We have collectively and individually developed many different approaches for adding VIVO data, most notably the Harvester, but also extensions to Google Refine and to VIVO to support using Google Refine, and modifications to the D2R Map tool, improvements to the ingest tools in VIVO itself, and integration of some Harvester functions into VIVO. Joe McEnerney at Cornell has also worked extensively with data from Activity Insight, a faculty reporting tool used by many universities in the U.S., and in the process developed a number of practices for managing initial data matching, incremental updates, procedures for retraction of data that may have been modified in VIVO, and detection of malformed or orphaned data in VIVO.
As VIVO matures at each of our institutions, we are also being asked more questions about reusing data from VIVO in other applications, about reporting using data in VIVO, and tools for archiving, removing, or exporting what can be very large amounts of data. How can we address these challenges appropriately?
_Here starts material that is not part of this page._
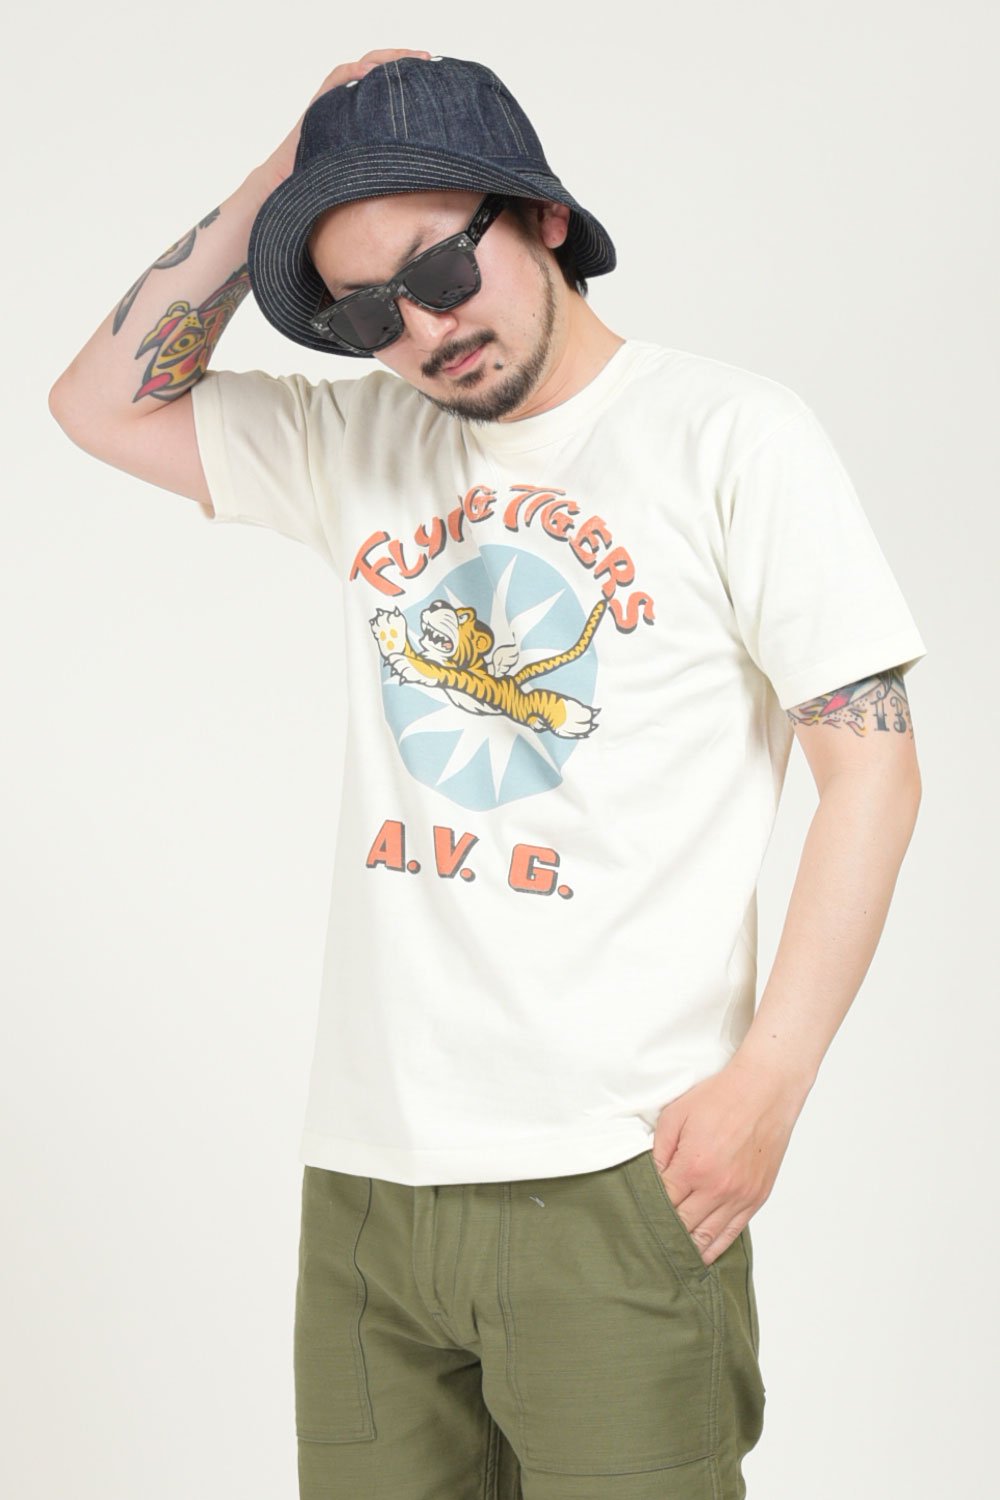 TOYS McCOY(トイズマッコイ) Tシャツ MILITARY TEE SHIRT"FLYING TIGERS A.V.G

Questions from the UF Harvester team
In our discussions of ingesting Person data from People Soft we have a wish list of things we'd love to know about a triple to allow us to preform intelligent actions on any triple as part of an ingest process. Some of these are:
- CreatedBy = What user or person created this triple
- CreateDate = When was this triple first created
- LastModBy = What user or person last modified this triple
- LastModDate = When was this triple last modified
- Public = Am I allowed to show this triple to the public
Other questions to address
As time permits this week, and for future meetings
- examples of current best practices for recurring ingest processes
- fundamentals – strategies for when data can be replaced and updated en masse vs. updating that must allow for the possibility of end-user or curator editing
- how to segregate data by Jena graph using SDB, and VIVO's current limitations and foibles in this regard
- how to establish a baseline for each different data source
- what has to be archived prior to, during, or after each successive update – how much can be done in bulk vs. statement-by-statement
- what an incremental ingest process typically produces: RDF to add and RDF to remove
- pitfalls of removing RDF data (it may have been introduced via other processes, and RDF does not accumulate multiples of the same triples – if you remove it, it's gone, even if two separate processes had independently added the same statements)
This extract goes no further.